Skull Base 2009; 19 - A124
DOI: 10.1055/s-2009-1224471

Sizeable Osteoma of Ethmoidal Labyrinth: Case Report

G. Kotsis 1(presenter), G. Papacharalampous 1, A. Katsis 1, Ch. Vontas 1, D. Davilis 1
  • 1Athens, Greece

Background: Osteomas are benign, well-defined, and slow-growing tumors that consist mainly of mature compact or cancellous bone. The most common site in maxillofacial complex is the mandible, particularly the angle, followed by sinuses. Osteoma of the paranasal sinuses arises most commonly from the frontal sinus. The ethmoid and maxillary sinuses are less frequently involved.
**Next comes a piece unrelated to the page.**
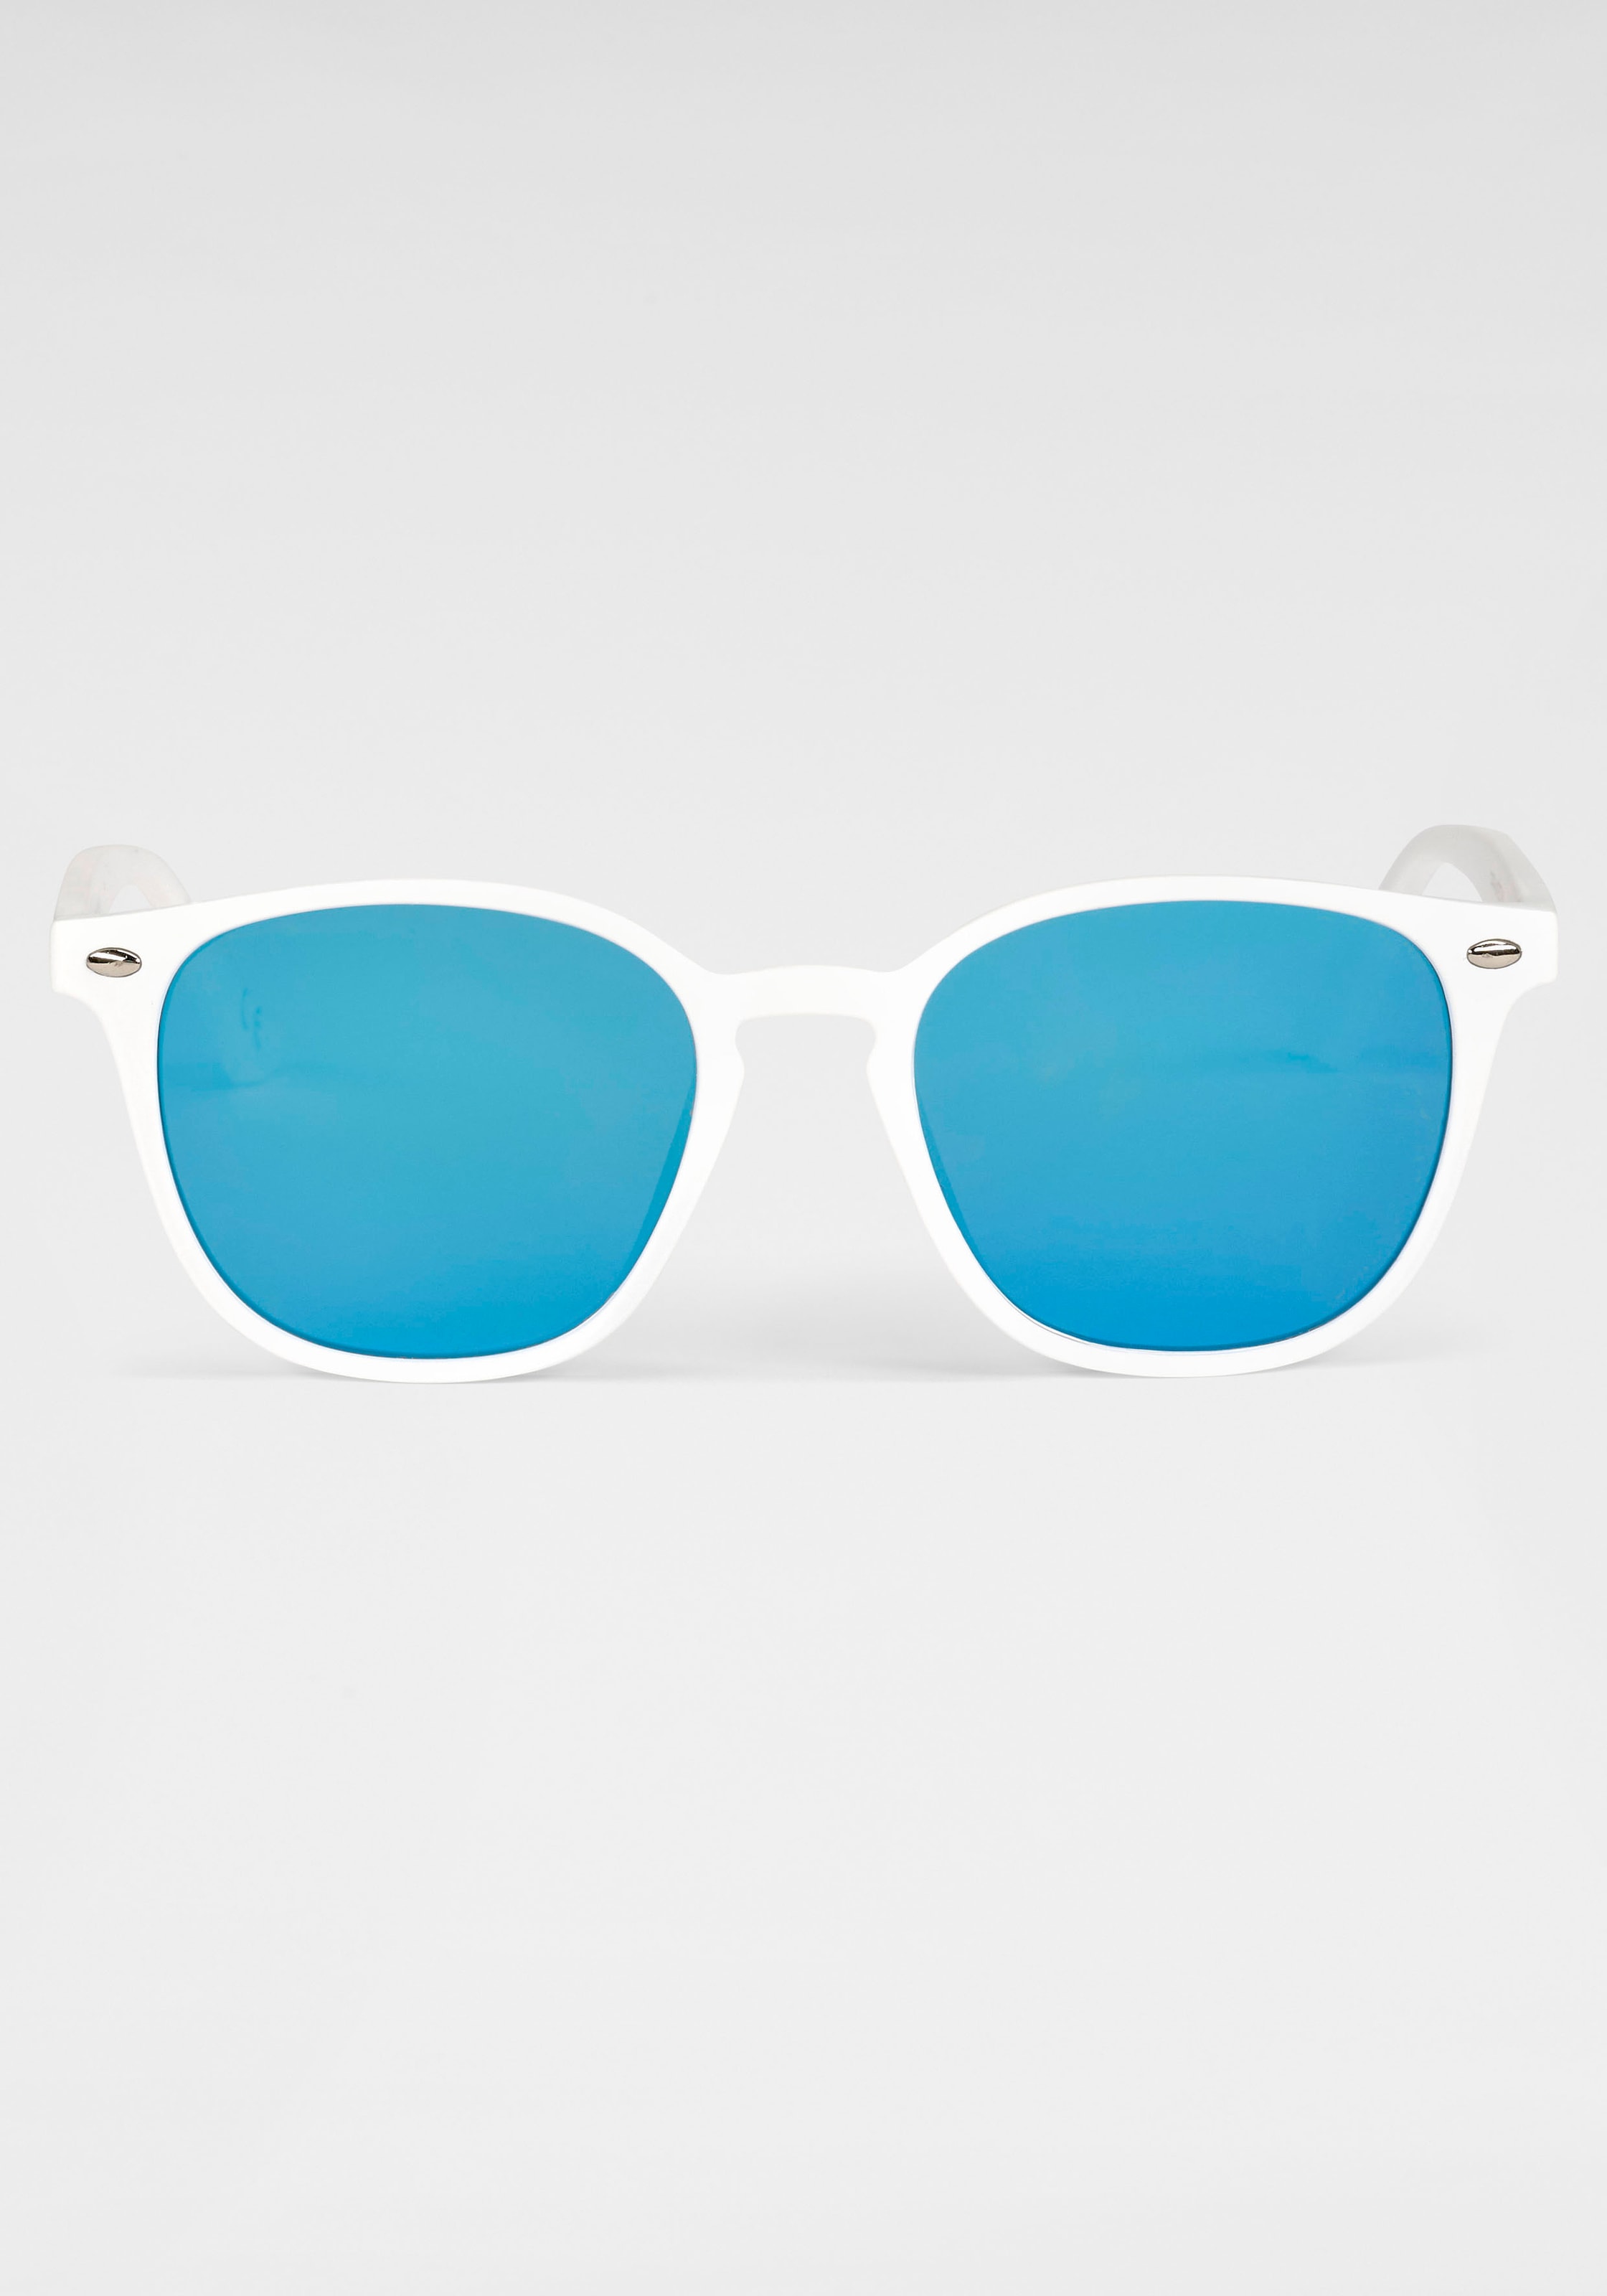 Sonnenbrille, Weiße Sonnenbrille mit blau verspiegelten Gläsern

Aim: The authors report a rare case of an osteoma of the left ethmoidal labyrinth, describing its clinical symptoms and radiographic findings, surgical treatment, and histological report.
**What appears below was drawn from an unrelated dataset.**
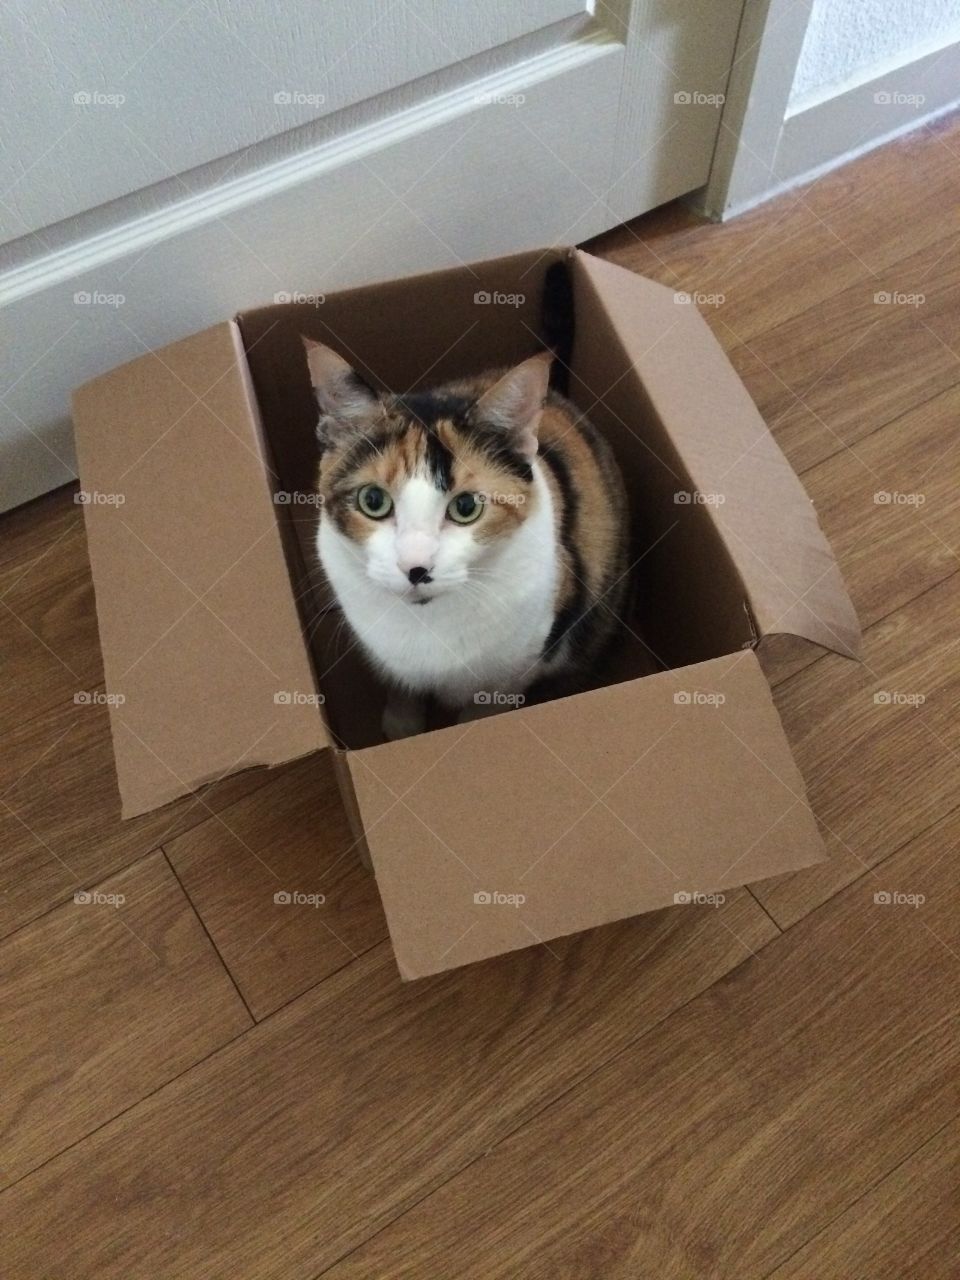 Calico in a box. My calico cat in a box.

Case Report: An 18-year-old man presented with periorbital swelling, complaining about orbital pain and epiphora of the left eye. The patient's medical history revealed recurrent episodes in the last 3 years, which were treated following the diagnosis of acute sinusitis. A three-dimensional computed tomography (CT) was performed to demonstrate a large lesion of osseous density of the left ethmoidal labyrinth (38 × 30 × 32 mm). Orthoptic examination revealed a noticeable diplopia, visual acuity impairment, and visual fields defects of the left eye. The intranasal surgical approach, with the use of microscope, and the Caldwell-Luc technique were combined to achieve the complete resection and removal of the lesion via the maxillary sinus. Due to its size, the attempt of its removal caused a fracture of the left orbital floor. In a second procedure, the orbital floor was reconstructed with a porous polyethylene (Medpor) implant. The histological report confirmed the clinical diagnosis of osteoma. The postoperative course was uncomplicated, and the lesion did not recur during a 4-year follow-up period. Repeated postoperative ophthalmic examinations revealed improvement of visual acuity and visual fields postoperatively.

Conclusions: Paranasal sinus osteomas are often asymptomatic. They are identified and treated at advanced stages because their symptoms mimic benign inflammatory conditions. In these cases, very careful preoperative evaluation and skillful operative maneuvers are considered to be essential.